Health management

With the health management feature in Liberty, we can take a policy-driven approach to monitoring the application server environment and respond when unhealthy criteria are discovered.

We can define the health policies, which include the health conditions to be monitored in the environment and the health actions to take if these conditions are met.


Health conditions

Health conditions define the variables we want to monitor in the environment. The condition element defines what behavior can trigger this health policy. Only one condition element can be defined per health policy. We can choose from the following predefined health conditions:

    Excessive request timeout condition

    Specifies a percentage of HTTP requests that can time out. When the percentage of requests exceeds the defined value, the health actions run. The timeout value depends on the environment configuration.

      <excessiveRequestTimeout timeoutPercentage="5"/>

    Excessive response time condition

    Tracks the average amount of time that requests take to complete. If the time exceeds the defined response time threshold, the health actions run.

      <excessiveResponseTime responseTime="10s"/>

    Note: Requests that exceed the timeout value configured for the excessive request timeout condition are not counted toward this health condition. For example, if the default timeout value is 60 seconds, then any request that exceeds 60 seconds times out and is not included in the average response time calculation. This restriction applies even if we do not define an excessive request timeout condition.

    Memory condition: excessive memory usage

    Tracks the memory usage for a member. When the memory usage exceeds a percentage of the heap size for a specified time, health actions run.

      <excessiveMemoryUsage heapSizePercentage="85" timePeriod="5m"/>

    Memory condition: memory leak

    When a downward trend in free memory is detected, health actions run.

      <memoryLeak/>

Important:

  • Dynamic Routing must be enabled to use either the excessive request timeout or excessive response time conditions.

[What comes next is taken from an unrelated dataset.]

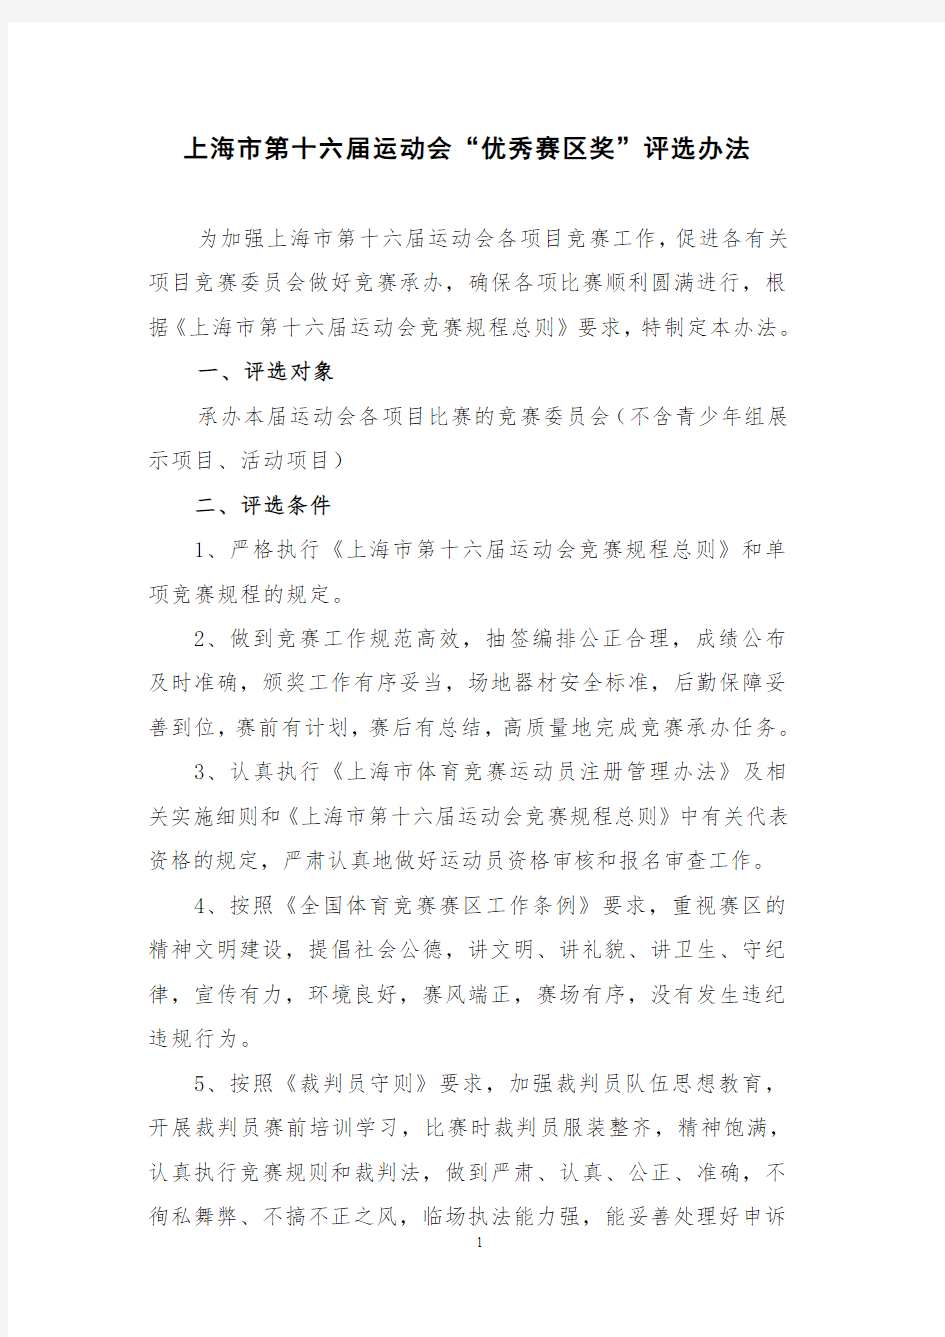 上海第十六届运动会优秀赛区奖评选办法

  • The healthAnalyzer-1.0 feature must be enabled in the server.xml file to use either the excessive memory usage or memory leak conditions. This feature can be enabled only for collective members.


Health actions

Health actions define the activities to perform when a health condition is not met. Action elements define what action is taken in response to a detected condition. All actions share the element type of <action>. The action attribute determines which action is taken and multiple actions can be defined for each health policy. Actions are run in the order they are specified in the policy. The following table lists the health actions supported in Liberty server environments:

Health action Liberty servers that run in the same collective controller
Restart server. Supported
Take thread dumps. Supported
Take Java virtual machine (JVM) heap dumps. Supported for servers that are running on the IBM JRE or Java Developer Kit
Enter server into maintenance mode. Supported
Exit server out of maintenance mode. Supported

    <action action="generateThreadDump"/>
    <action action="generateHeapDump"/>
    <action action="restartServer"/>
    <action action="enterMaintenanceMode"/>
    <action action="exitMaintenanceMode"/>


Health targets

Target elements define the scope of the topology being monitored for the condition. Three target types are available:

  • A host

      <host hostName="someHost"/>

  • Each of the servers in a cluster

      <cluster clusterName="someCluster"/>

  • A single server

      <server hostName="Host" wlpUsrDirectory="/opt/ibm/liberty/wlp" serverName="Server"/>

Each target type has a unique element used to define it within the healthPolicy element. More than one target can be specified per health policy.